Over the years the department evolved under the direction of several notable leaders. Donald Keyes, who became the head in 1926, developed the first successful commercial method for producing absolute alcohol — a method still used today. Samuel Parr founded the Standard Calorimeter Company, which was later renamed the Parr Instrument Company. The Moline, Ill.-based company continues today and is known around the world for its fine craftmanship and outstanding engineering.

In 1950, new laboratory facilities for chemical engineering were established in the East Chemistry Building—now known as Roger Adams Laboratory. Under the leadership of H. Fraser Johnstone, who emphasized graduate education, the department recruited new faculty to ensure the standards of excellence for decades to come. Among those to join the faculty was fluid mechanics expert Thomas J. Hanratty, now a professor emeritus. Notable students to come out of the department around this time included former GE executive Walt Robb (PHD ’51), former GE CEO Jack Welch (PHD ’60), and former International Paper CEO John Georges (BS ’51).

The department became an independent unit within the School of Chemical Sciences in 1968, when Jim Westwater was the head. As the department grew, so did the need for space, leading to an expansion into Davenport Hall in 1988. Under the leadership of Richard Alkire, the renowned electrochemist, large parts of Roger Adams Laboratory were renovated. In 1989, longtime faculty member Harry Drickamer, a pioneer in high-pressure studies of condensed matter, was presented with the National Medal of Science by President George. H.W. Bush. In 2002, guided by Chip Zukoski, the department changed its name to the Department of Chemical and Biomolecular Engineering to reflect the growing influence of biological and genetic research in chemical engineering research and education.

In recent years, under the leadership of Deborah Leckband (2003-2005), Ed Seebauer (2005-2011) and current head Paul Kenis, the department has continued to enhance the educational experiences of students and lead bold research programs. Design projects have been integrated throughout the entire undergraduate curriculum. Student spaces, such as the Undergraduate Learning Center in Noyes Lab and the Roger Adams Laboratory lecture hall, have been renovated. Laboratories also have been updated as new faculty join the department and launch research programs. The department is now home to 19 faculty, the largest it’s ever been.

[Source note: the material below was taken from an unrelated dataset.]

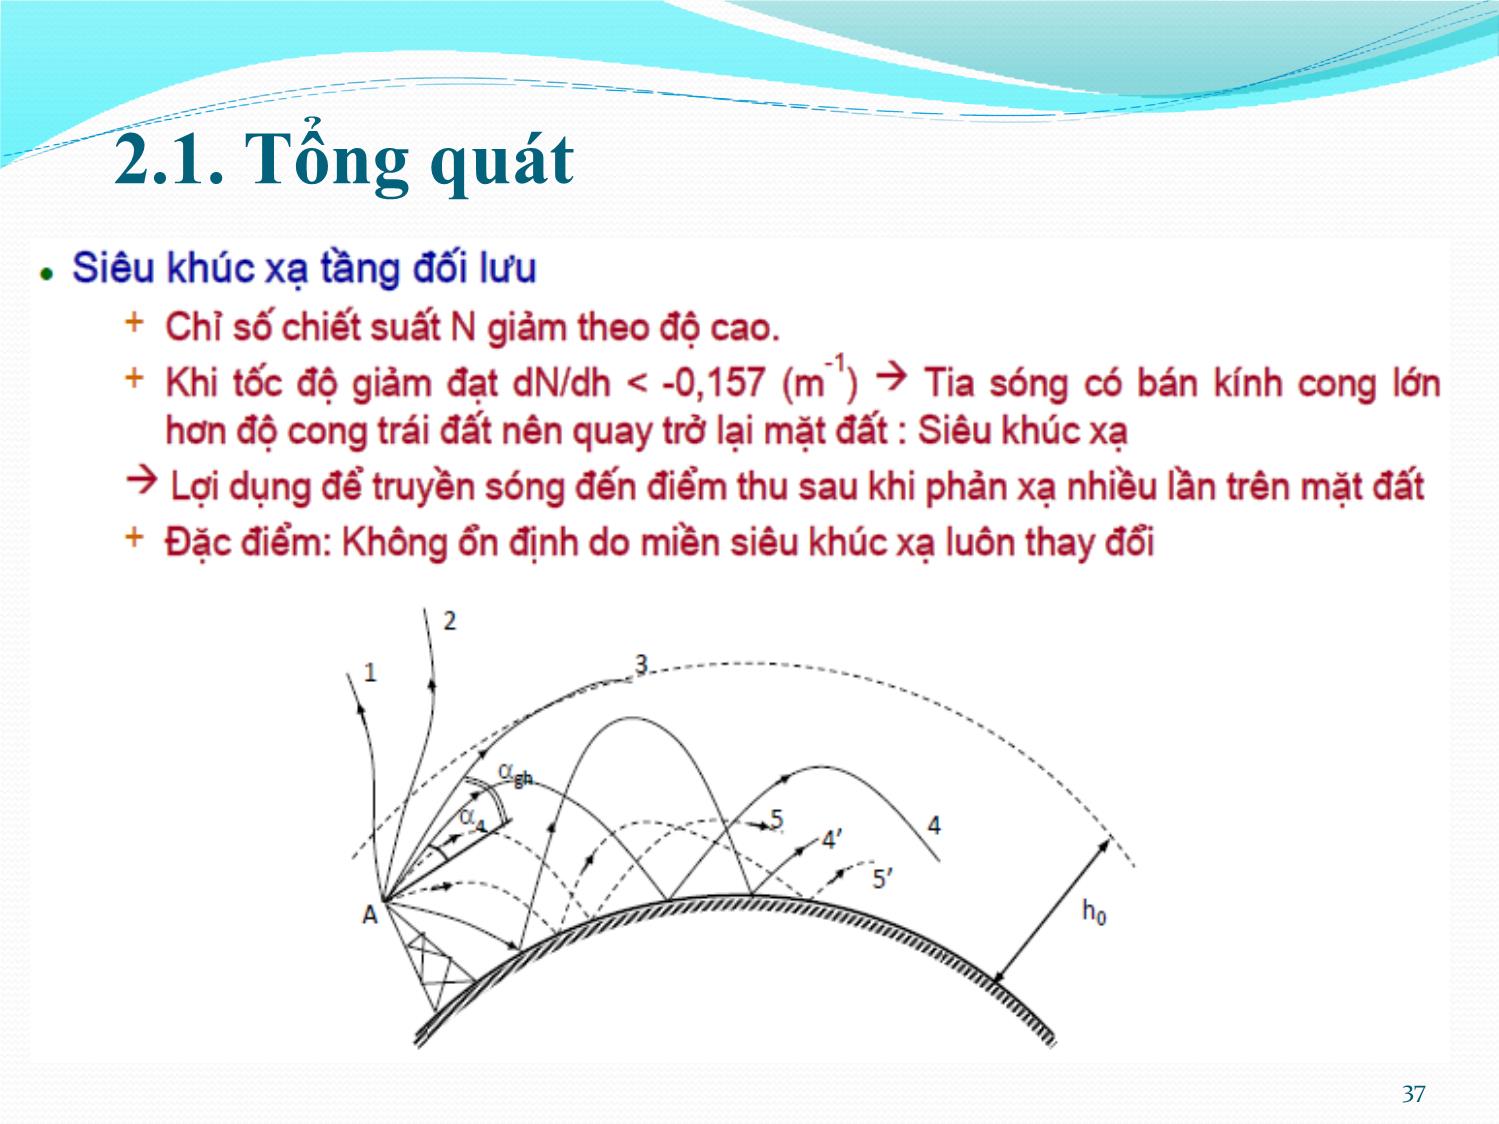 Bài giảng Kỹ thuật anten và truyền sóng - Chương 2: Truyền lan sóng cực ngắn - Nguyễn Thị Linh Phương trang 4

The Chemical and Biomolecular Engineering undergraduate program is accredited by the Engineering Accreditation Commission of ABET, 111 Market Place, Suite 1050, Baltimore, MD 21202-4012, telephone: (410) 347-7700. That accreditation includes consideration of the program’s educational objectives and outcomes and assures that this program meets the expectations for training a professional chemical and biomolecular engineer. For a list of Program Educational Objectives and Student Outcomes, please visit the Accreditation page.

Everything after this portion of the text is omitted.